> [Instructions to follow]
Return the listing below exactly as it stands. Pictures stay out.

> [Provided material]
---+---
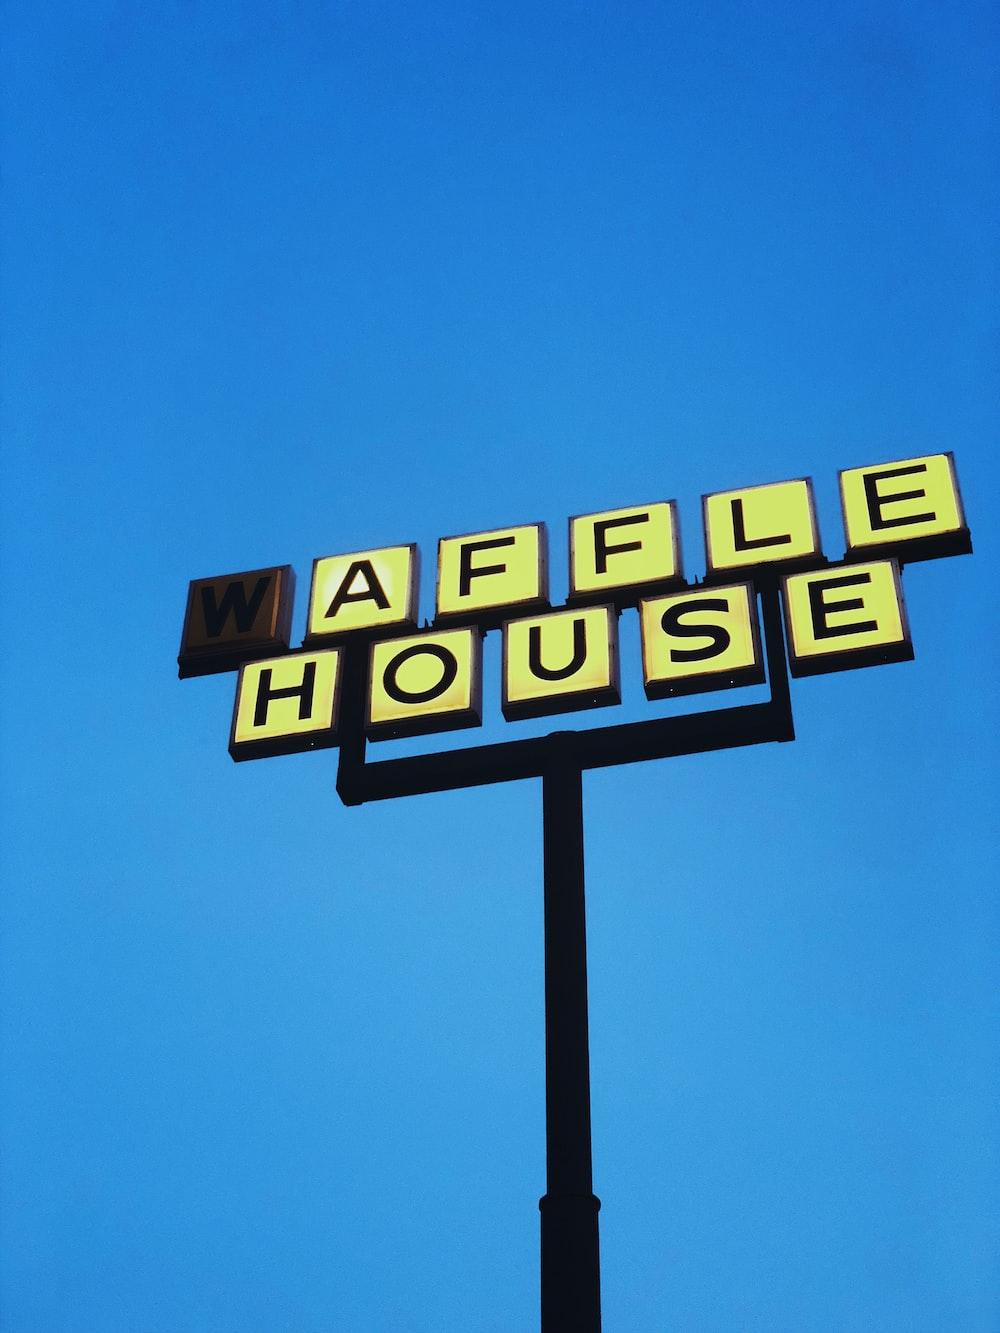 Waffle House road signage
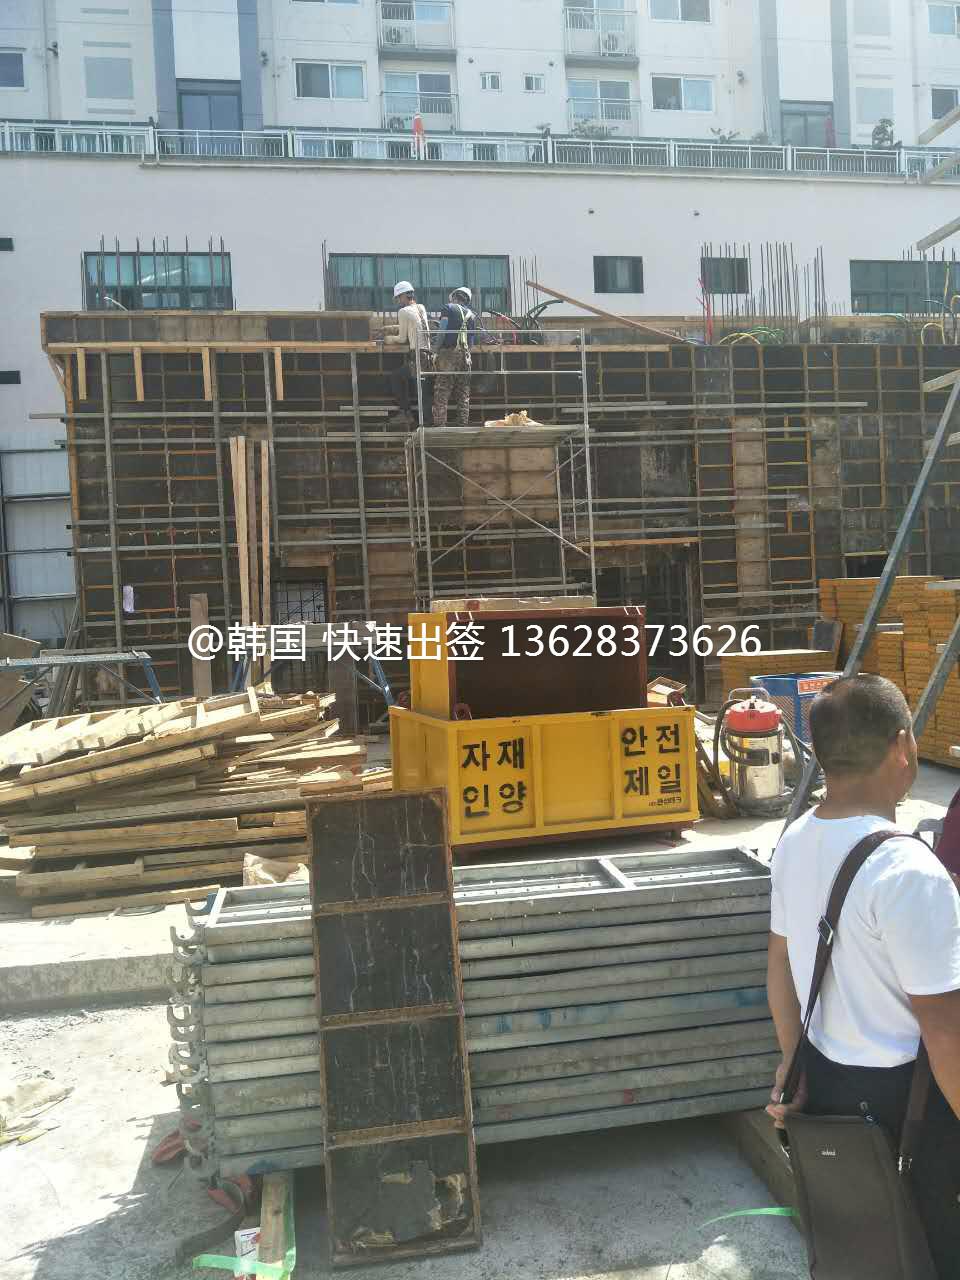 海外就业出国务工韩国济州岛农场无技术普工1.5万建筑工地2万
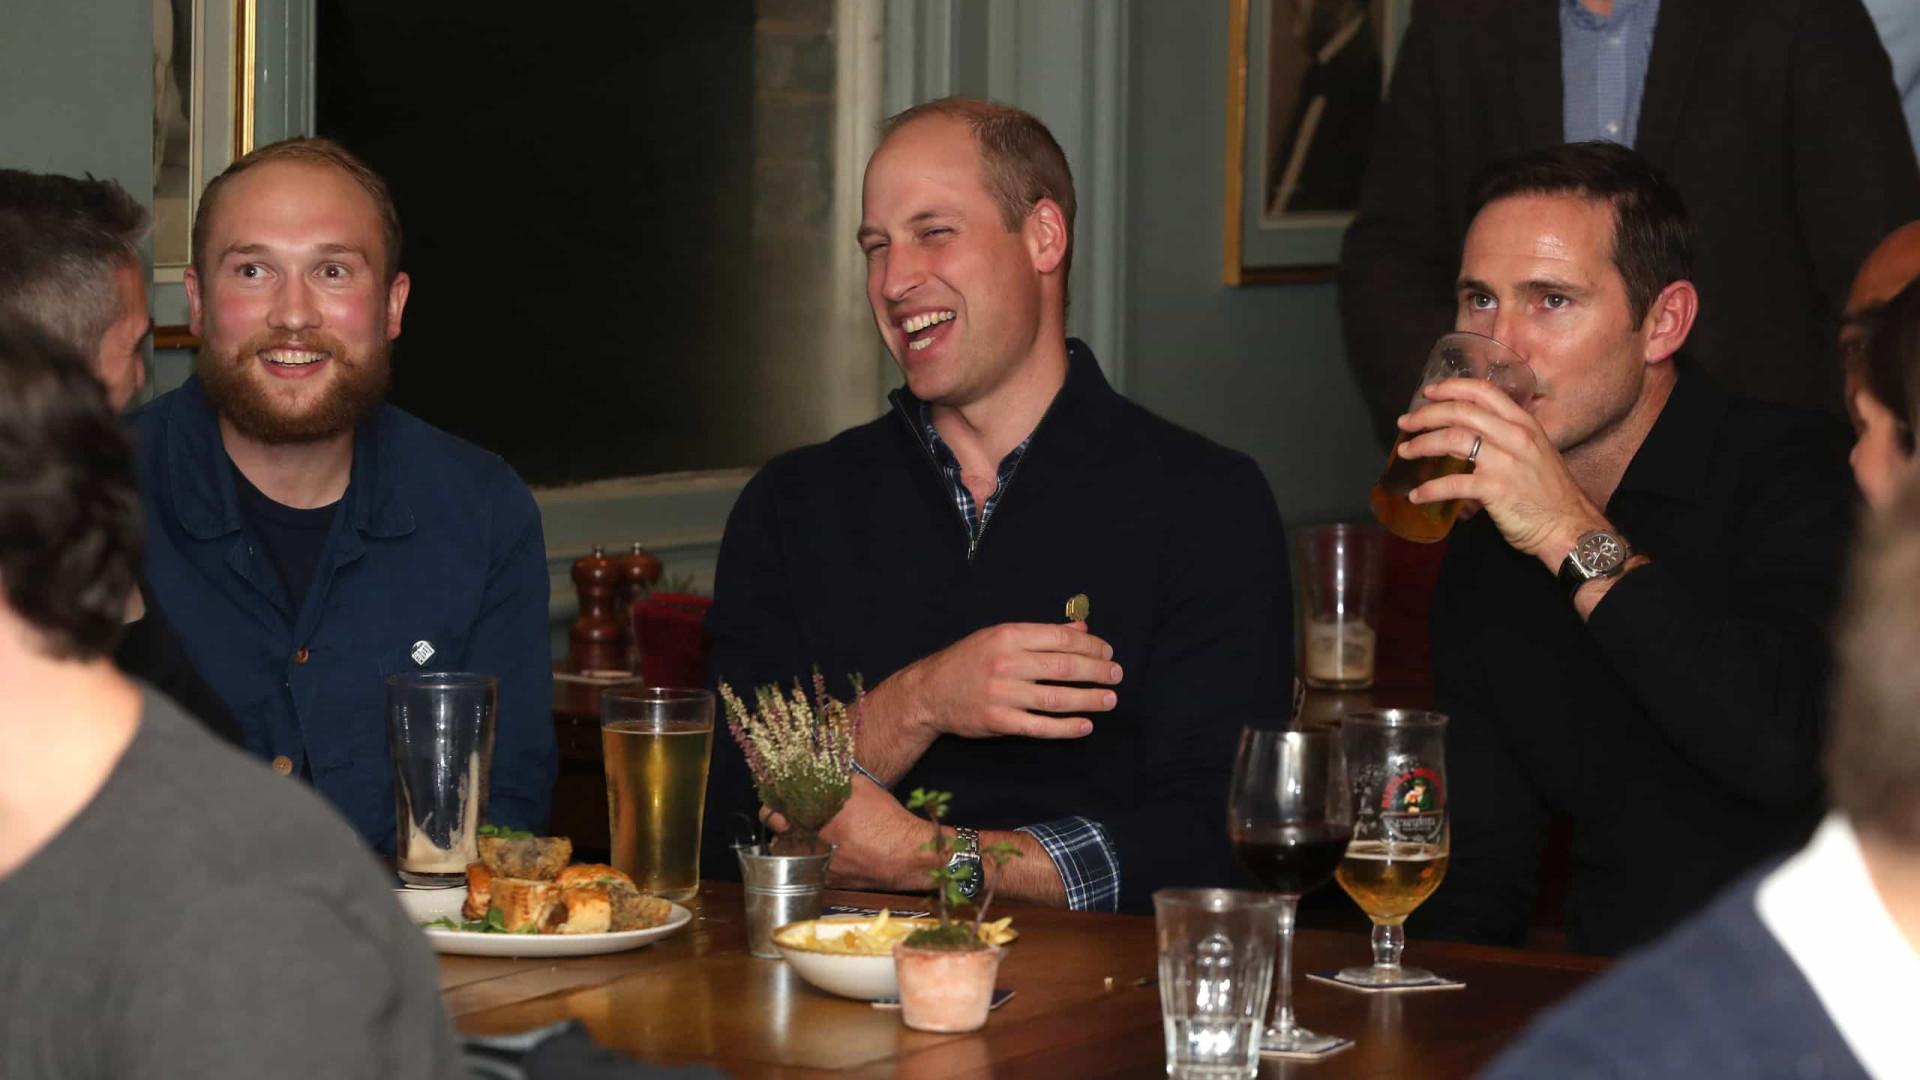 Príncipe William assiste a jogo de futebol... em pub londrino
---+---
> [Answer]
 Waffle House road signage
 海外就业出国务工韩国济州岛农场无技术普工1.5万建筑工地2万
 Príncipe William assiste a jogo de futebol... em pub londrino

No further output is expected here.